The collage is astonishing both for the degree of detail achieved by its multitude of tiny colored circles (which number in the hundreds of thousands), and for the fact that those circles were culled from the world’s currencies—i.e., real money. The material is one Muniz was able to access only because the homeowner is the supplier for much of the ink and technology used to produce paper money around the globe. “The variety of currency we had coming into the studio [was astounding],” says Muniz. “Some from nations I didn’t even know existed.”
To create the work, Muniz and his team first cut the essential parts from each bill, then organized the material by color, pasting each penny-sized piece to form the landscape. The resulting image was subsequently photographed, enlarged, and laminated. This last step is not one typically associated with Muniz’s work, but was deemed necessary here given the image’s proximity to an indoor swimming pool—a feature that also played into the choice of subject. “Since most people use these sorts of places in the winter,” explains the artist, “we wanted to offer a memory of the land when it’s warm.”
WIM DELVOYE
Detail of Untitled
Private residence, San Francisco, CA, USA
2014
Belgian artist Wim Delvoye is known for an array of iconic pieces, ranging from a giant machine mimicking the human digestive system, to stained-glass windows featuring human X-rays—many of them sexually suggestive. It’s the sort of work that gets the attention of the press, not to mention serious collectors. Among the latter group is Peter Marino, who immediately thought of the artist for a project he was working on in San Francisco. A private residence belonging to longtime clients (and major contemporary art collectors), the home was undergoing a total overhaul, including a prominently placed stained-glass window. It presented a unique opportunity not just to commission one of Delvoye’s extraordinary windows, but also to integrate an original artwork into the architectural fabric of the home.

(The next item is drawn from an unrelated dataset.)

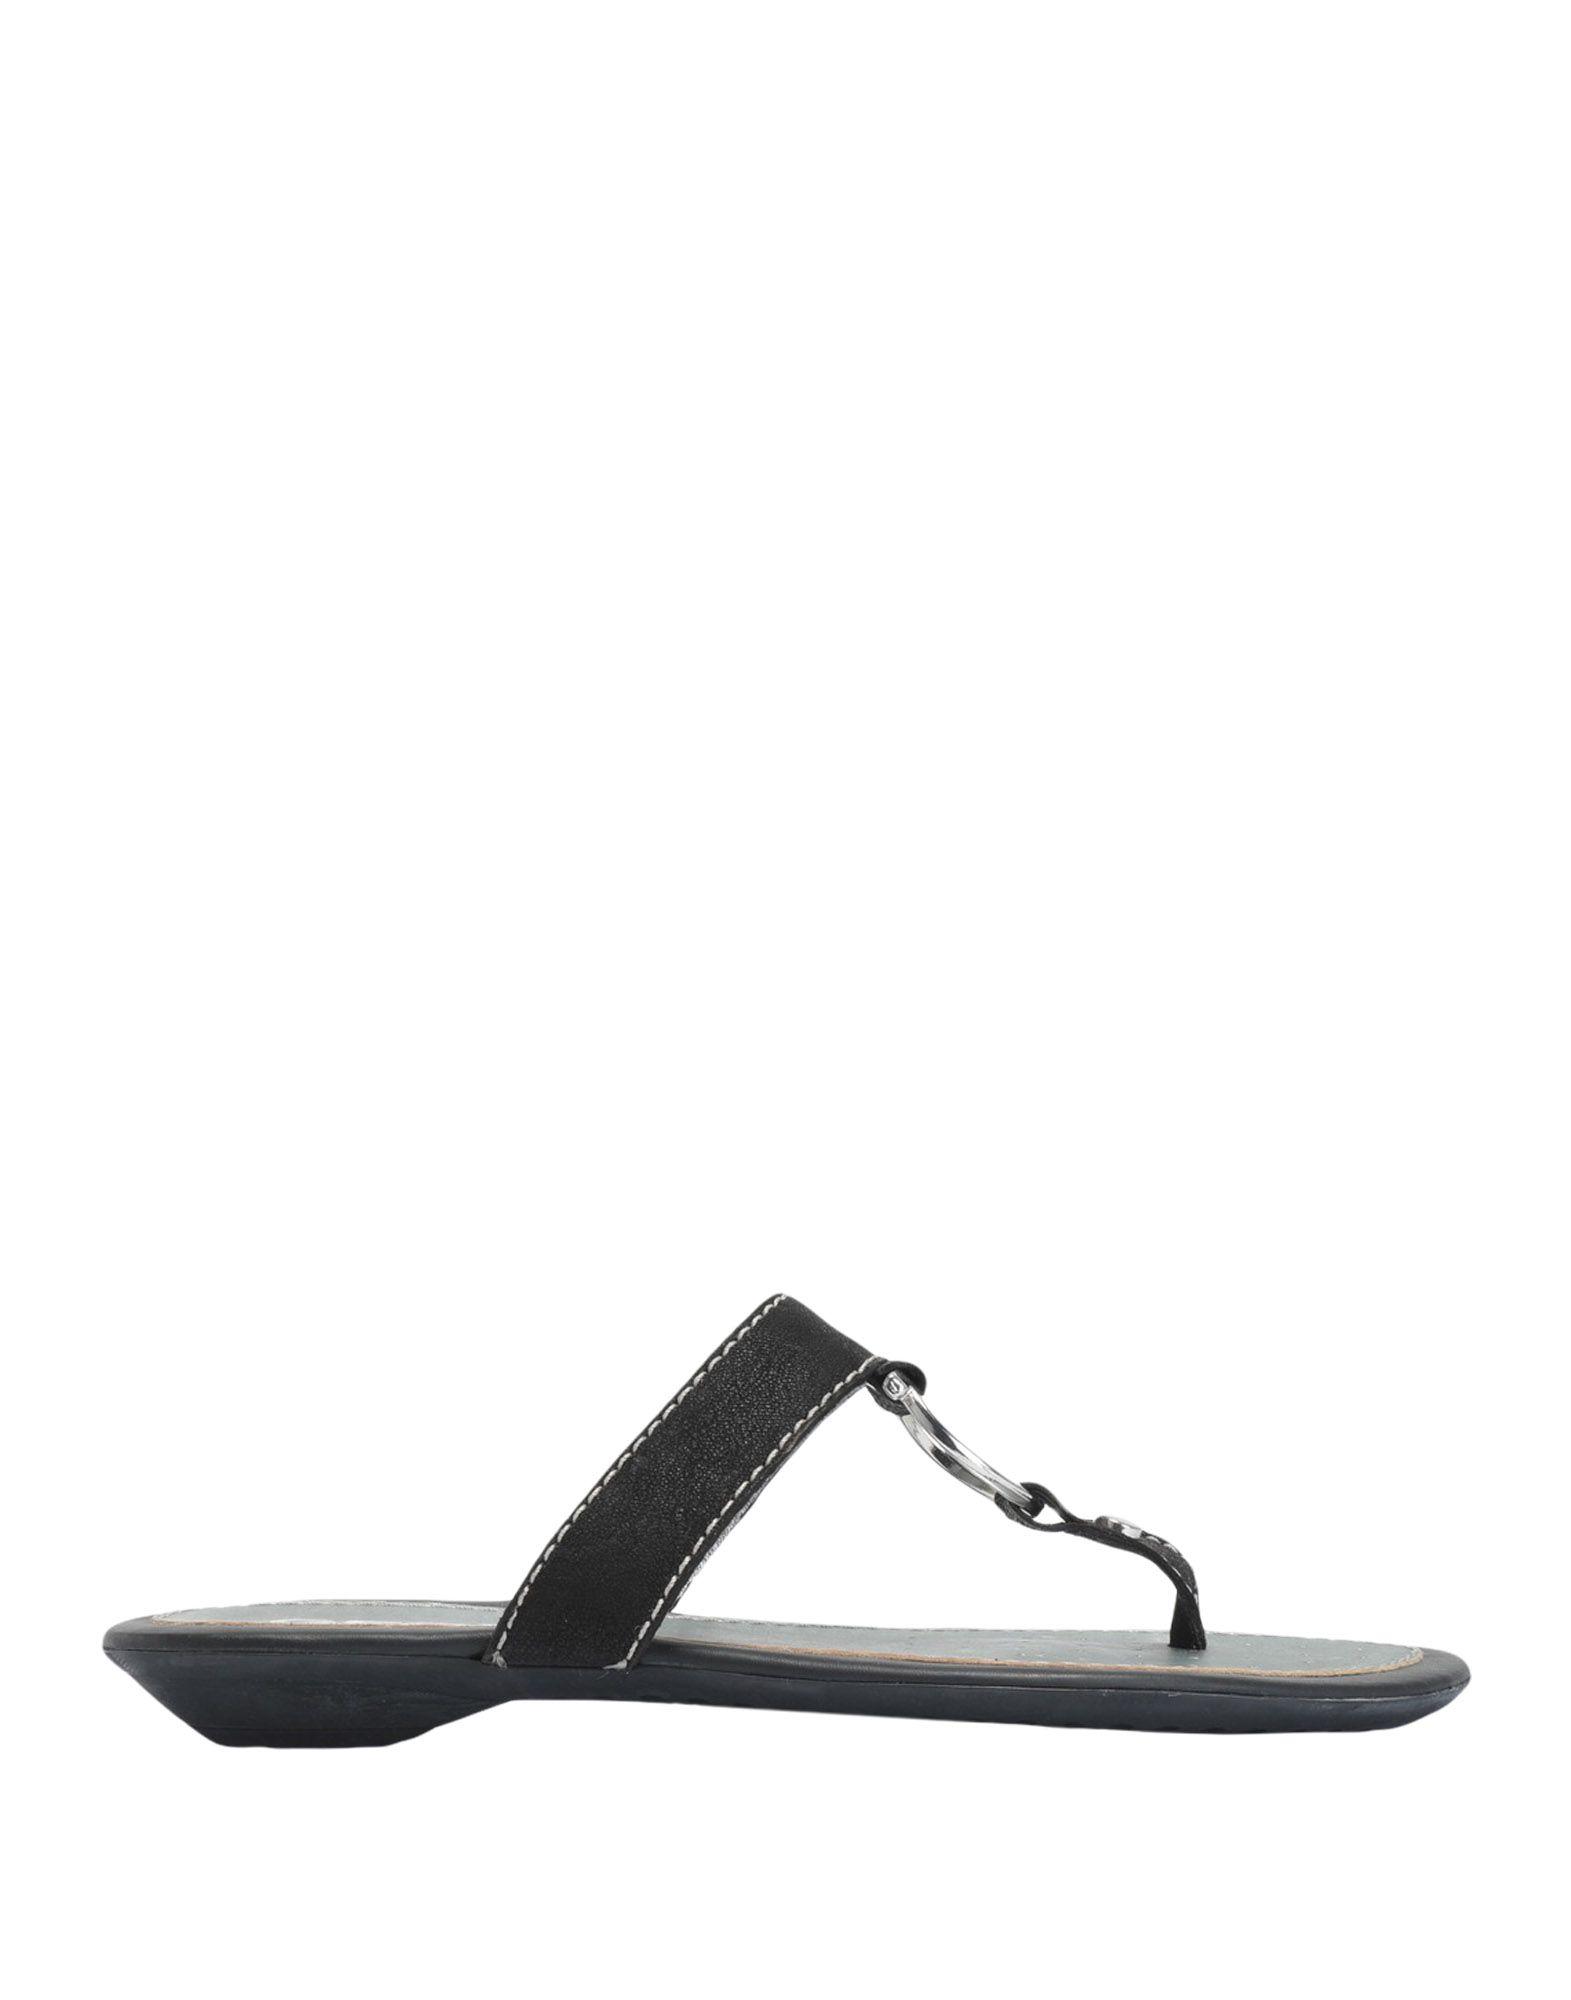 Geox Dianetten Damen  11530106HP Gute Qualität beliebte Schuhe

Although the window was smaller than any Delvoye had done before, and despite the fact that he typically declines private commissions, he was happy to make an exception here—in large part because of his trust for Marino. “Peter is someone I’d call an A-leader,” explains Delvoye. “He organizes everything but makes himself seem unnecessary. And he’s very authentic—his practice somehow stays this laboratory.” At the clients’ request (they have three young children), Delvoye avoided any sexually suggestive imagery, instead using a variety of X-rays of two people cuddling and kissing—as always, a process overseen by a professional radiologist. “You can see something romantic but you have no idea of their feelings,” explains the artist. And for the borders he used dental X-rays. “Of all the [image] framing I’ve done, this is one of my favorites,” he adds.
Once the X-rays are complete, with only minor adjustments made for shading and coloration, they are sandwiched between sheets of silk-screened glass and then sent to a manufacturer to be assembled. The final results are at once deeply human and otherworldly—an effect heightened at the San Francisco project by a Marino-designed backlighting system that ensures the window’s luminosity, day or night. “The work presents two opposing themes,” says Delvoye. “One is very materialist, the other religious or romantic.” What’s more, he adds, “The X-ray devalues contrasts, so everyone is equal.”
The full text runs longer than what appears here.